_TO DO_. Without the pictures, output all of the data exactly.

_INFORMATION SUPPLIED_.
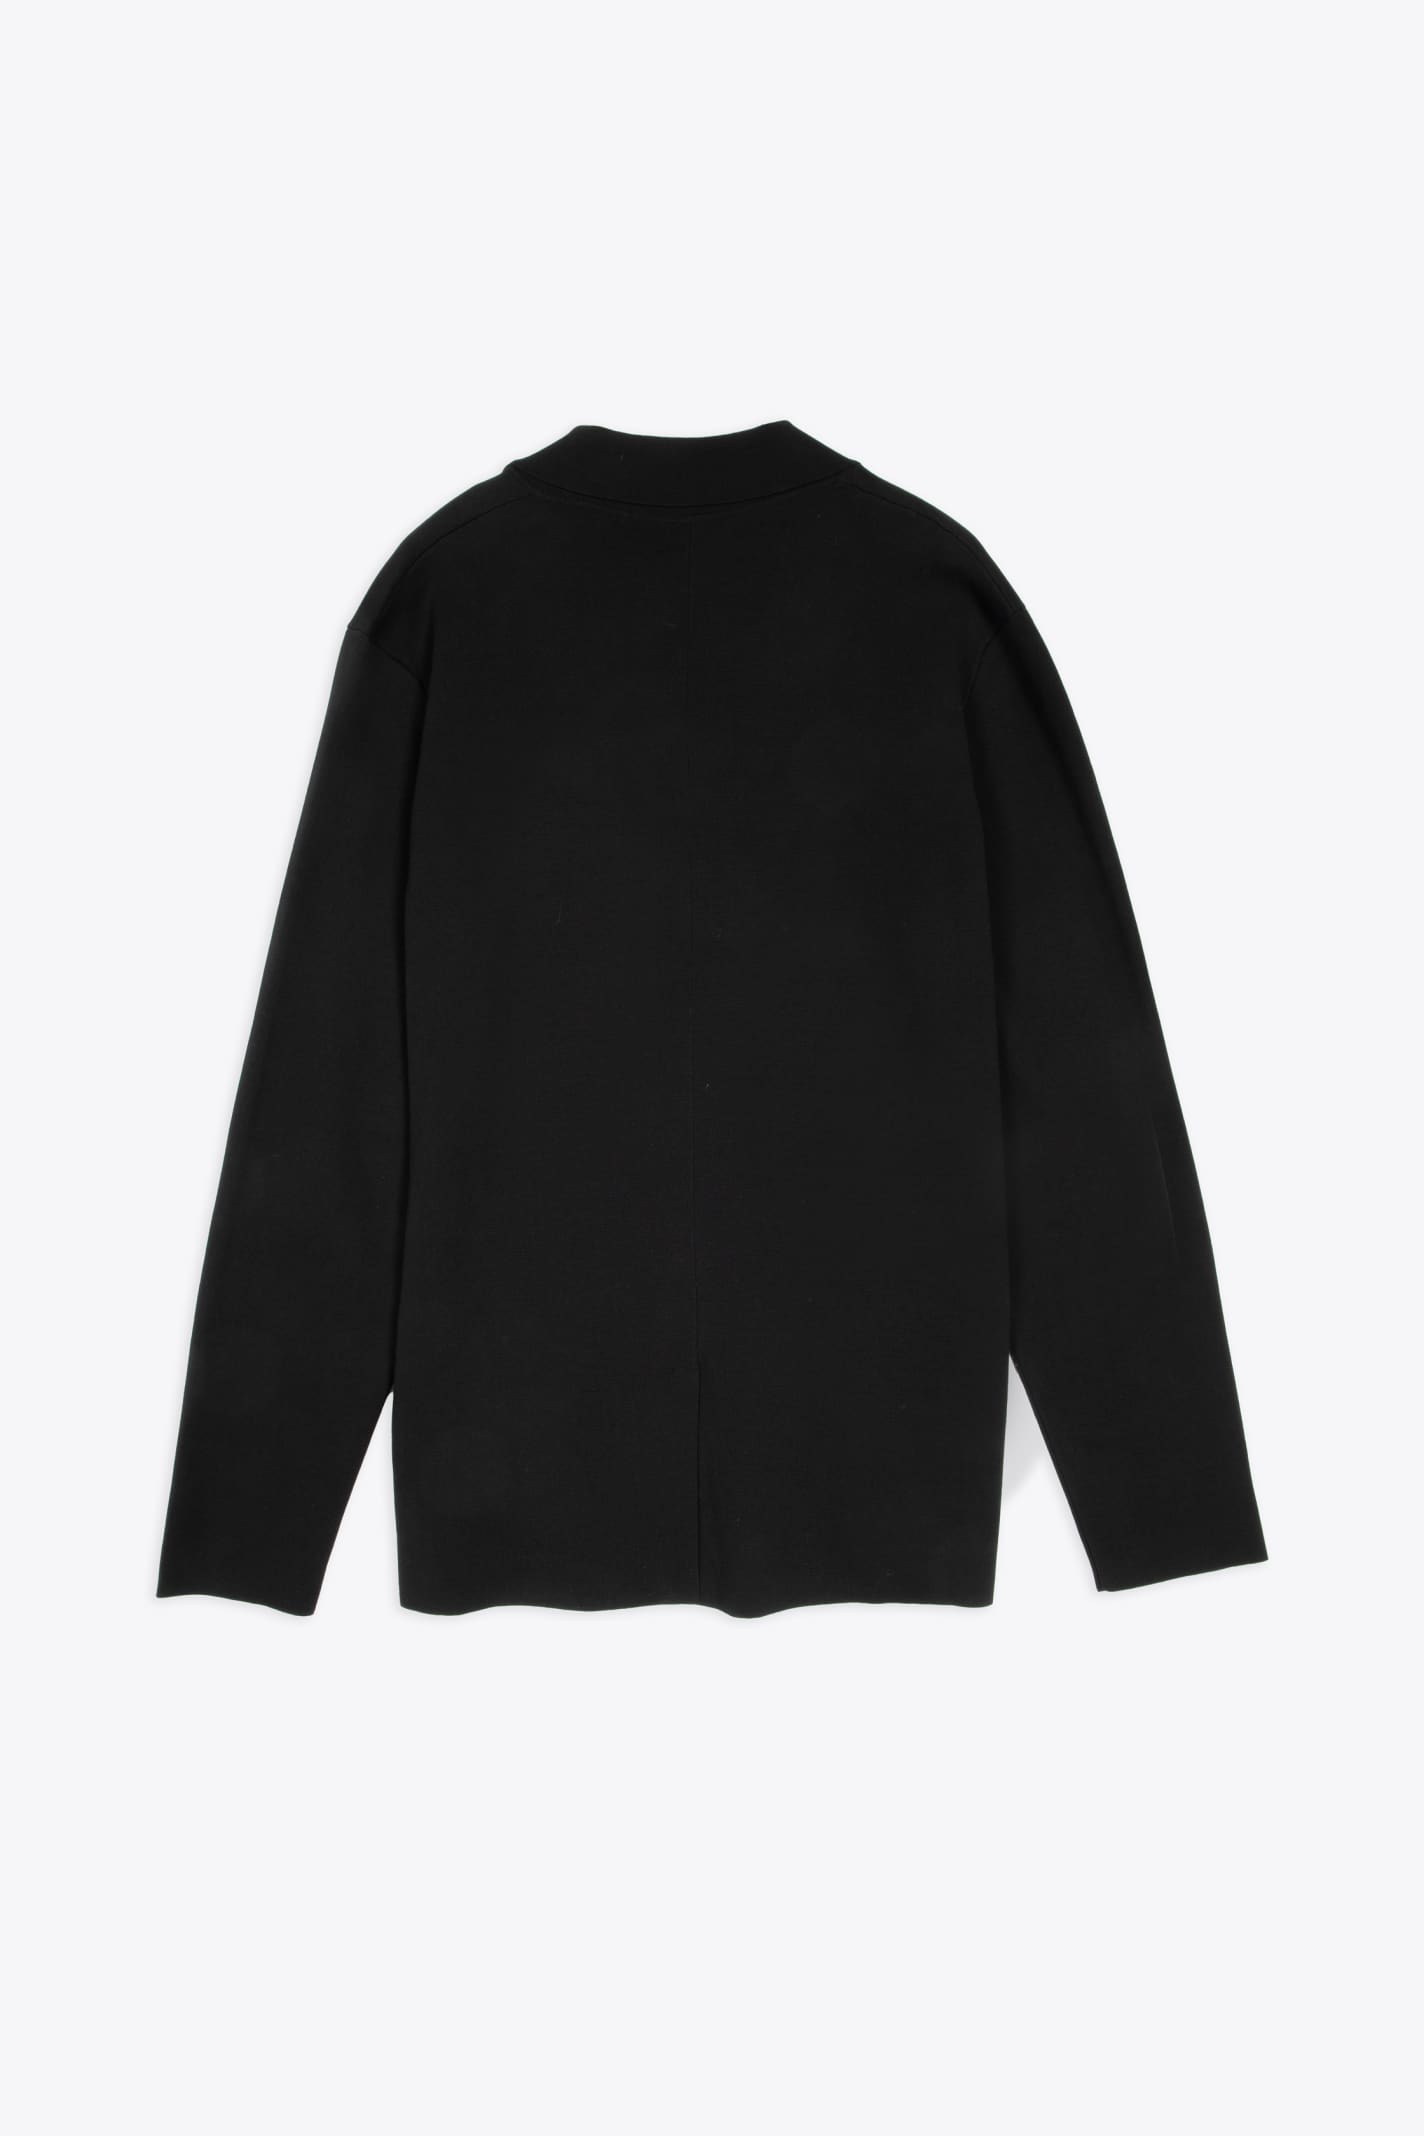 Shop Roberto Collina Giacca Revers Black Cotton Knit Blazer With Patch Pockets In Nero
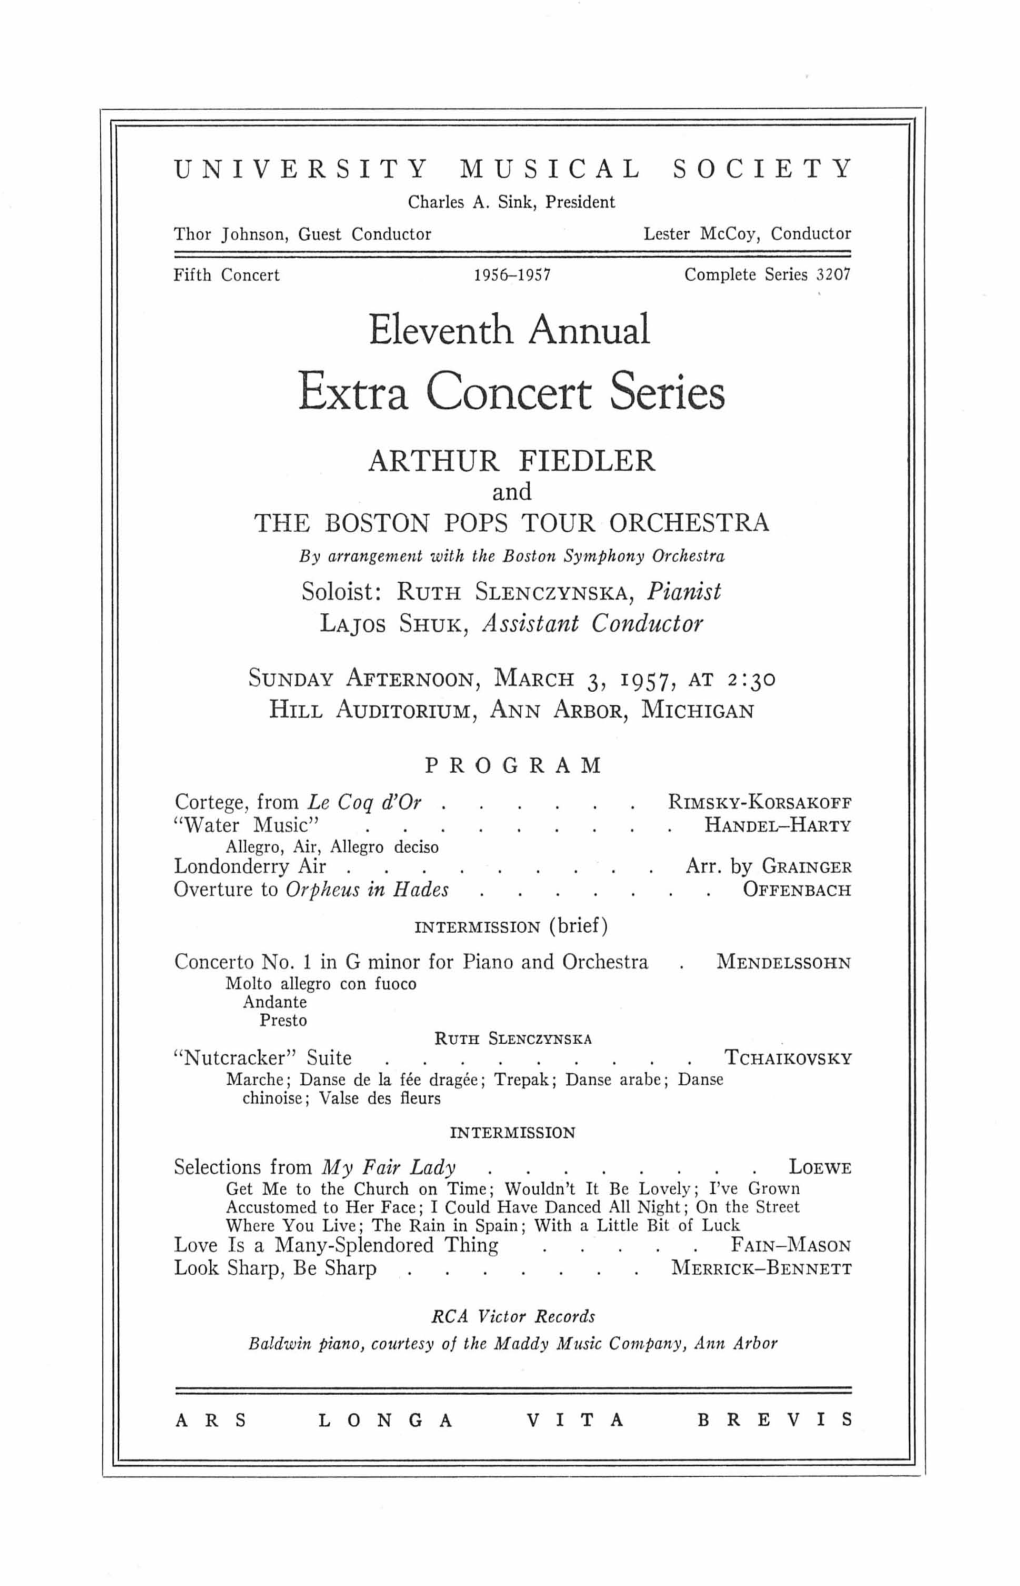 Extra Concert Series ARTHUR FIEDLER and the BOSTON POPS TOUR ORCHESTRA by Arrangement with the Boston Symphony Orchestra
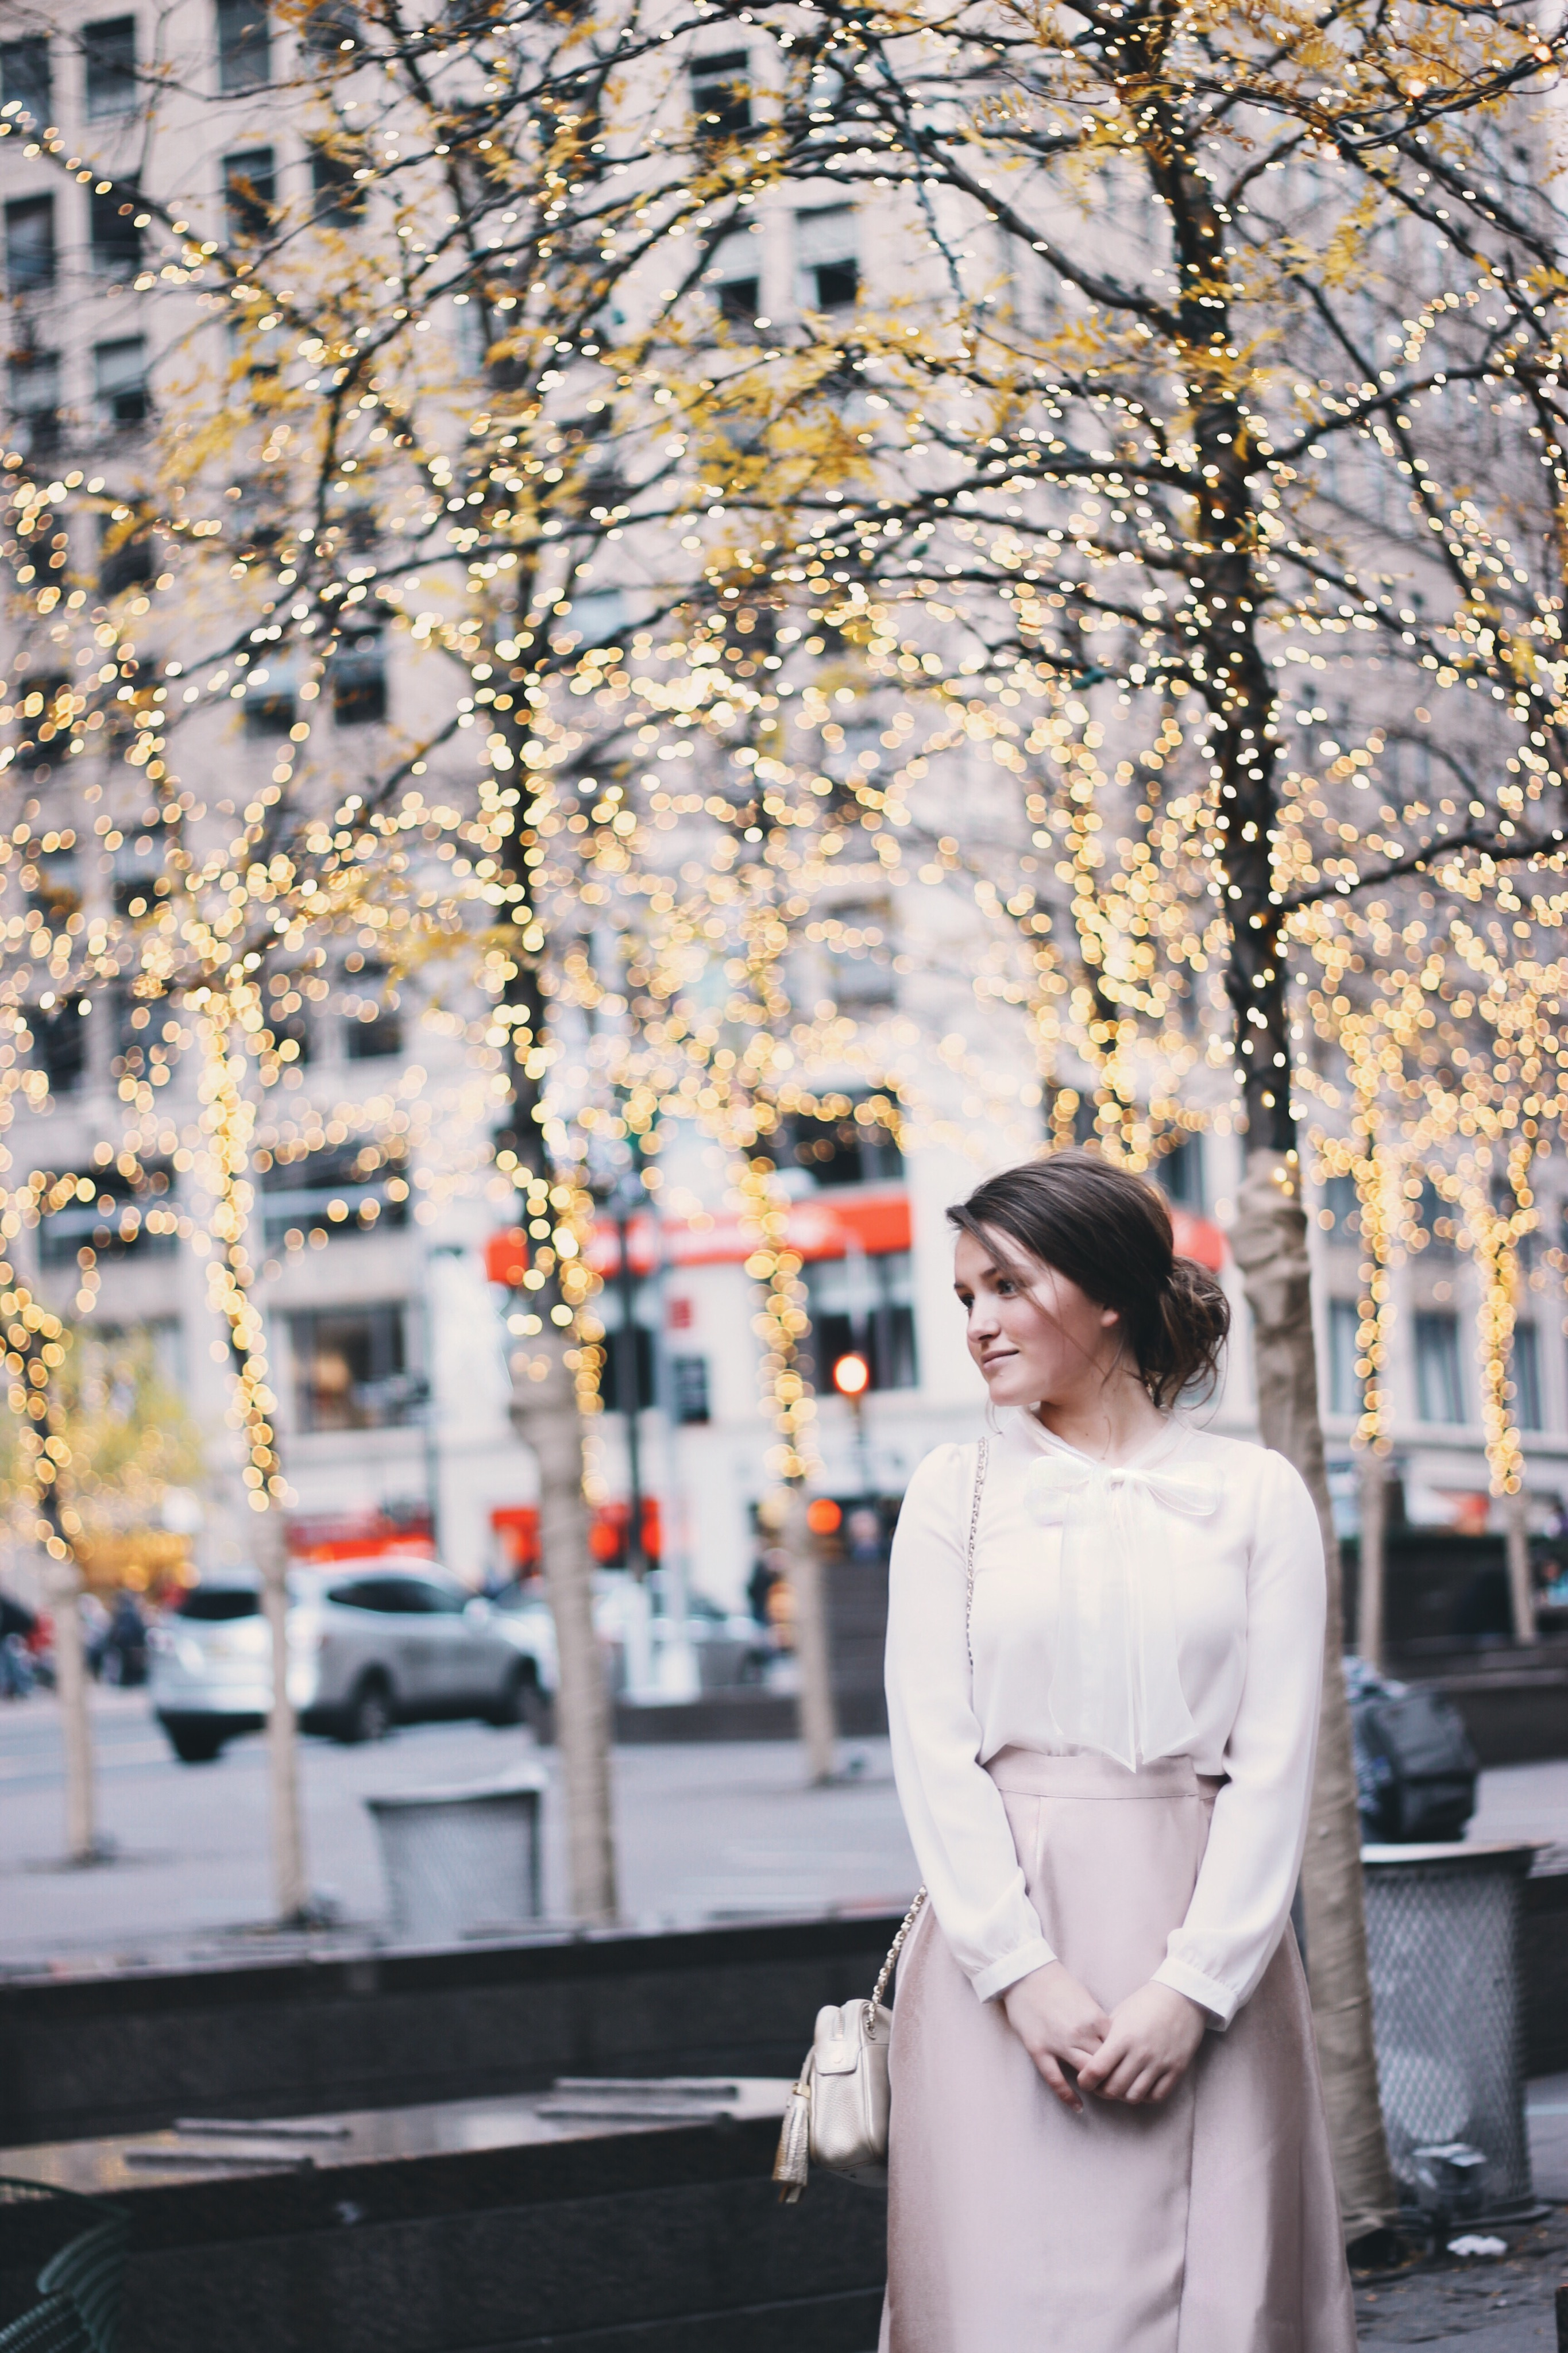 Christmas Outfit Inspiration | Courtney Toliver on @ShesIntentional

_THE ANSWER_.
 Shop Roberto Collina Giacca Revers Black Cotton Knit Blazer With Patch Pockets In Nero
 Extra Concert Series ARTHUR FIEDLER and the BOSTON POPS TOUR ORCHESTRA by Arrangement with the Boston Symphony Orchestra
 Christmas Outfit Inspiration | Courtney Toliver on @ShesIntentional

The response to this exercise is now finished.